Первый курс химиотерапии Рая выдержала хорошо. Она у меня храбрая. Прекрасно понимала страшный поворот своей (нашей!) жизни. Но – никаких слез, ни единого жалобного слова.
По окончании первого курса инъекций Ровный дал Рае двухнедельную передышку. Я привез ее из больницы домой.
И вот моя лепокудрая (вспомнилось из «Илиады») женушка сидит в своем кресле в гостиной и слушает по радио «Симфонические этюды» Шумана, – их божественно играет Элисо Вирсаладзе. А я готовлю обед. Собственно, его приготовила Лиза. Куриный бульон, куриные котлеты и пюре. Она, Лиза, как только Рая легла в больницу, взяла на себя заботу о моем пропитании. Я покупаю продукты по ее списку, и она готовит. Лиза-Скорая-Помощь – так я ее называю. У Раи в больнице питание, как она говорит, пристойное. Я приношу ей фрукты, соки, паюсную икру принес (Люся где-то достала), – химиотерапия требует хорошего питания.
Райка слушает Шумана и с улыбкой поглядывает, как я накрываю на стол.
– Вот, выпей. – Я даю ей чашку с коричневой жидкостью.
– Что это?
– Чага. Мариан Никитич рекомендовал.
«Чага, марьин корень, бадан, – это можно, – сказал Ровный. – Не повредит. Может дать психологический эффект».
Чага – в сущности, твердый кусок дерева, я с трудом натер его теркой, а Лиза сделала настойку.
– Уф, – вздыхает Райка, сделав глоток. – Как вкусно. Сок, выжатый из старой табуретки.
– Пей, пей. Чага полезна. Это любимый напиток адмирала Чичагова.
Со смехом усаживаемся за обеденный стол. Всё как прежде, как в те времена, когда мы еще были молоды и кружила над нами стая легких времирей… Помните?.. из хлебниковского стихотворенья… были молоды и счастливы… Счастливы? А было ли счастье? Было! Счастье – это когда дорогой тебе человек улыбается, и ничего у него не болит…
После обеда укладываю дорогого человека отдохнуть.
– Сейчас, сейчас. – Рая у полки нашей фонотеки копается в кассетах. – Что-нибудь хорошее послушать… Вот! – Она вставляет выбранную кассету в щель магнитофона. – Полно мне леденеть от страха, лучше кликну Чакону Баха.
– Это откуда? – спрашиваю.
– Это Ахматова. – Райка ложится на тахту, я укрываю ее пледом.
Мощно, звучно вступает скрипка, сопровождаемая вздохами оркестра.
– Оська разучивал Чакону, – говорит Рая. – Но не успел сыграть. Война началась…
Вечером к нам спустилась с третьего этажа Лиза – погрузневшая, в темно-сером длинном платье со складчатым подолом, в теплых домашних туфлях: у нее ноги мерзли.
Поставила на кухонный стол зеленую кастрюльку, знакомую мне с давнего военного времени.

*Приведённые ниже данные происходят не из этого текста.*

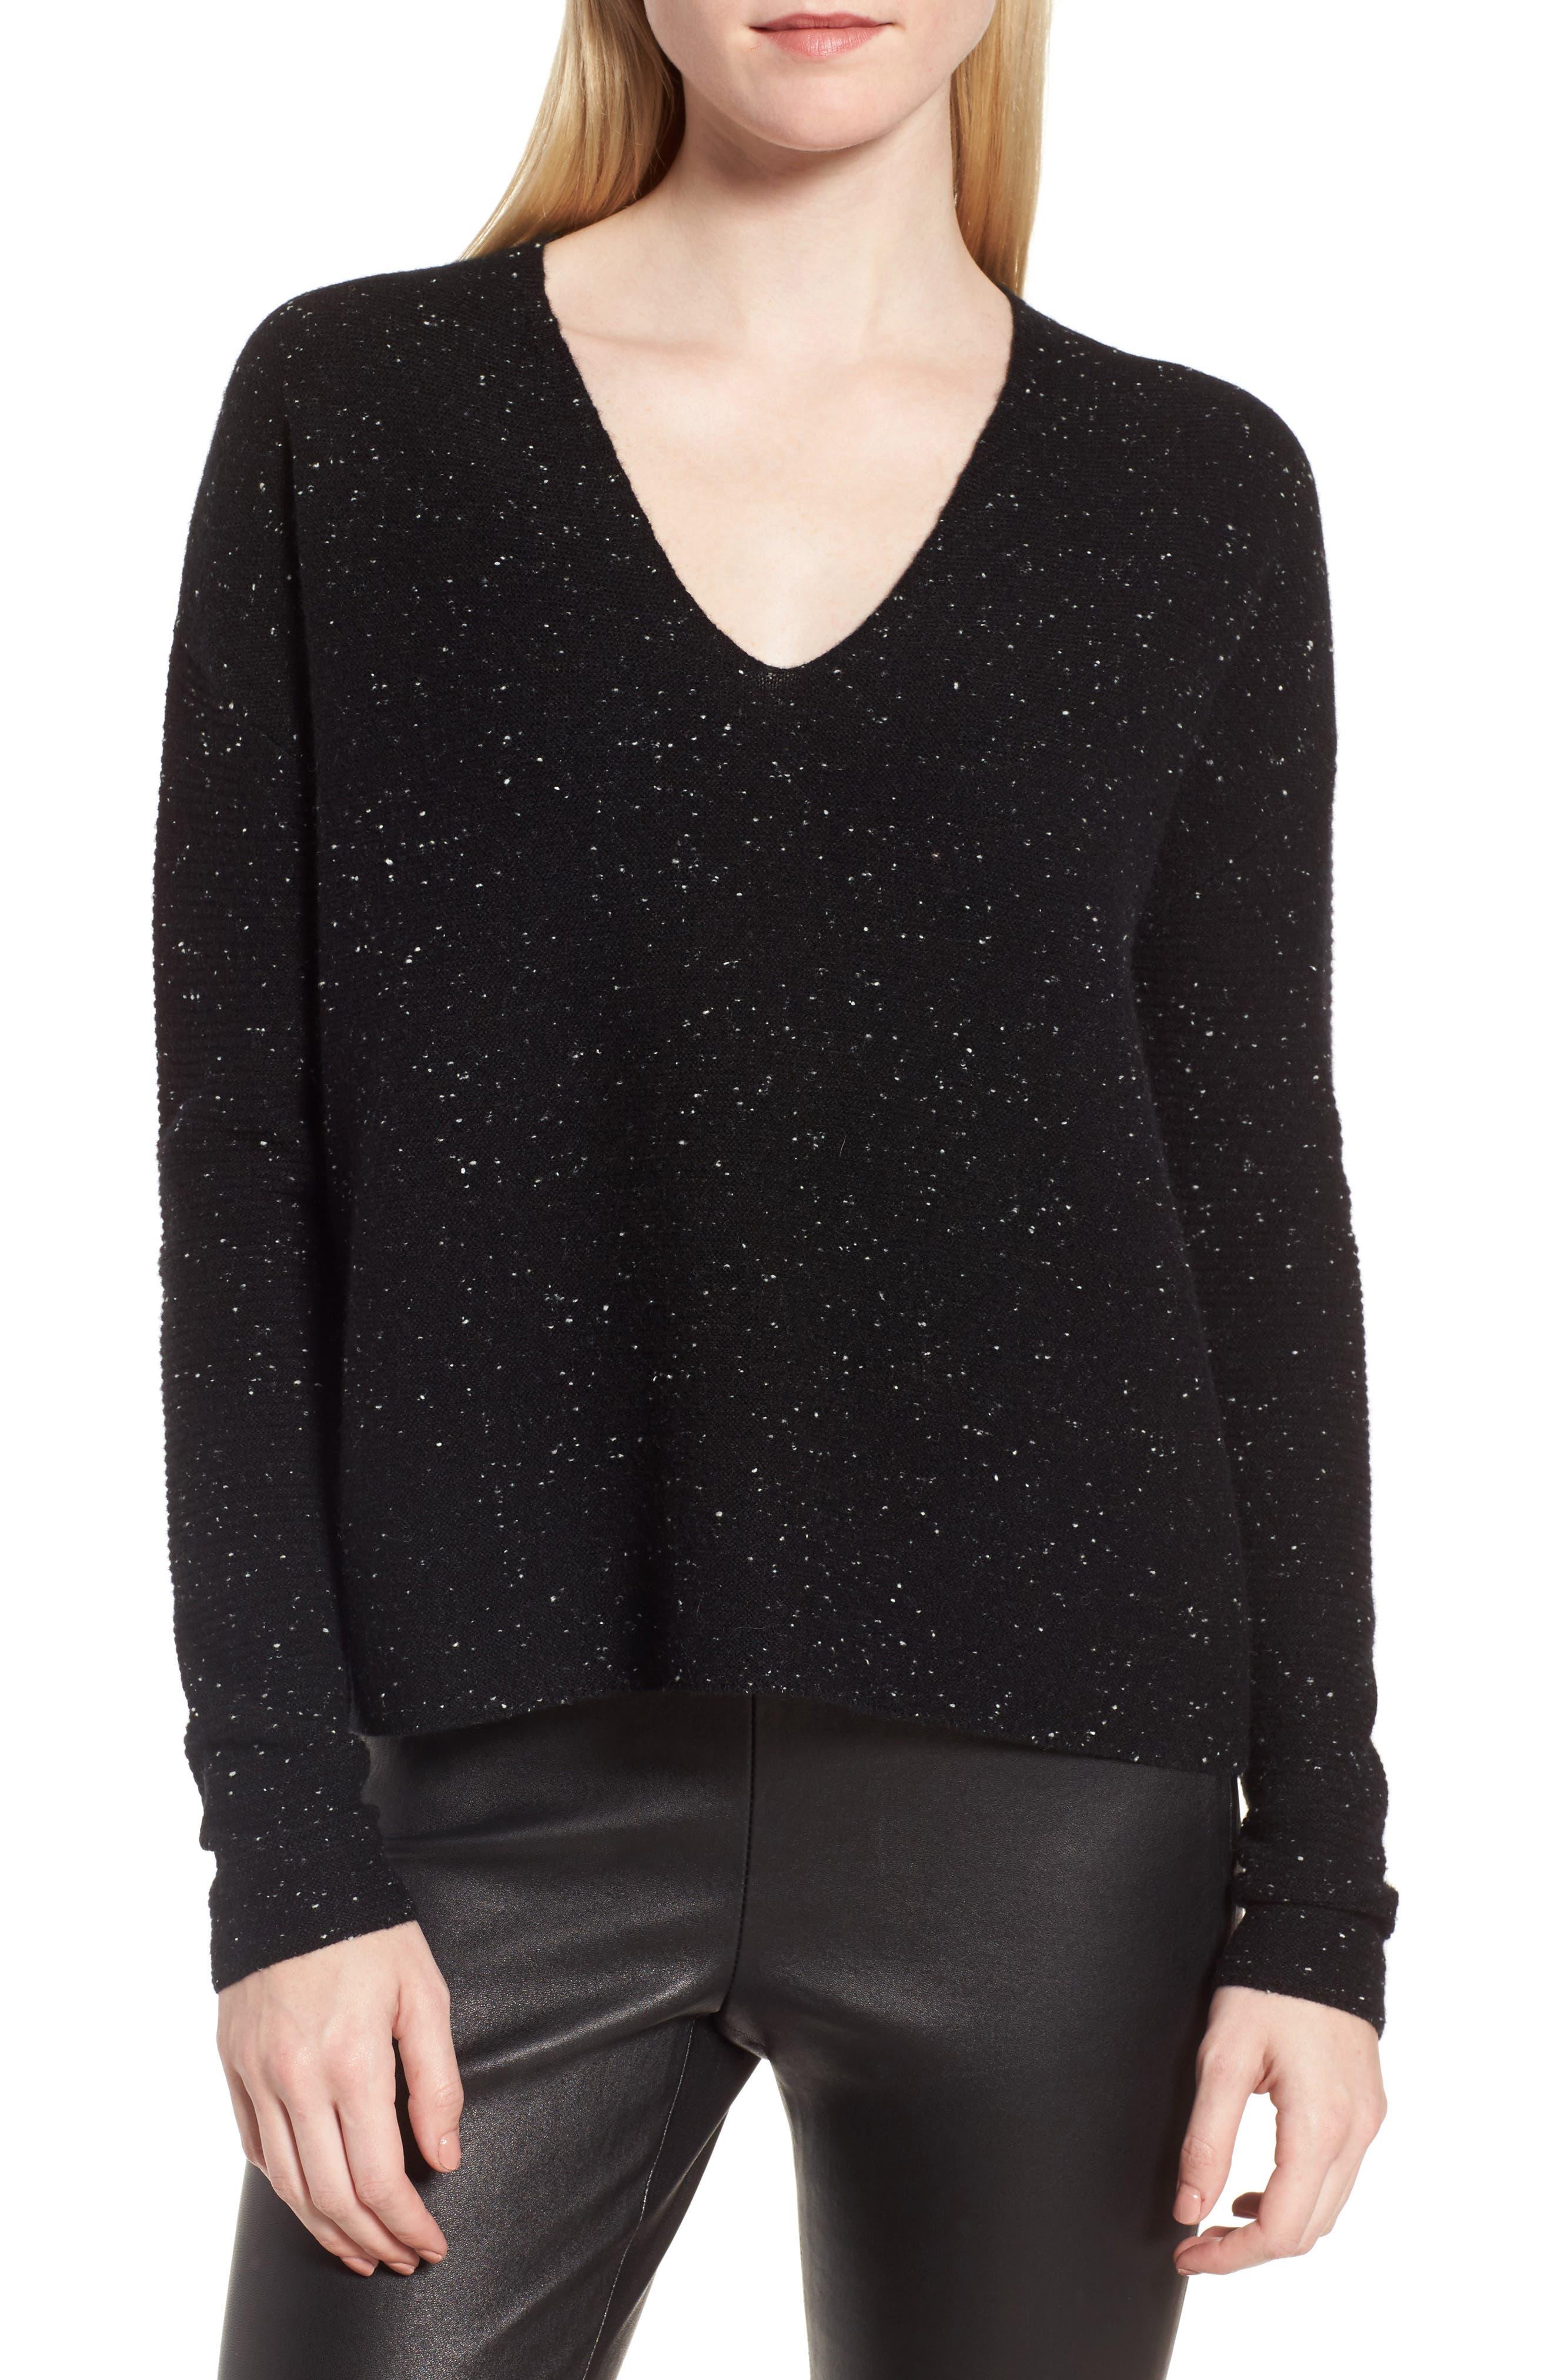 Nordstrom Signature Textured Cashmere V-Neck Sweater

– Что это? – спросила Рая.
– Сырники вам испекла.
– Ой, милая Лиза, спасибо!
Сырники – это же такая радость для Раи. А вторая радость – ликер «Амаретто», который ей очень нравится. Я ездил за ним на Невский, в Елисеевский магазин, – купил и вот ставлю на стол. Мы пьем «Амаретто», заедаем сырниками (очень вкусными) и ведем разговор не о чем-то там пустяковом, а – о ценности человеческой личности.
– Такого понятия в дохристианские времена не было, – говорит Лиза. – Впервые оно появилось в Евангелии. Как осознание духовной потребности человека.
– Потребности в чем? – спрашиваю я.
– В истине.
– Насколько я помню, на вопрос Пилата: «Что есть истина?» Христос не ответил.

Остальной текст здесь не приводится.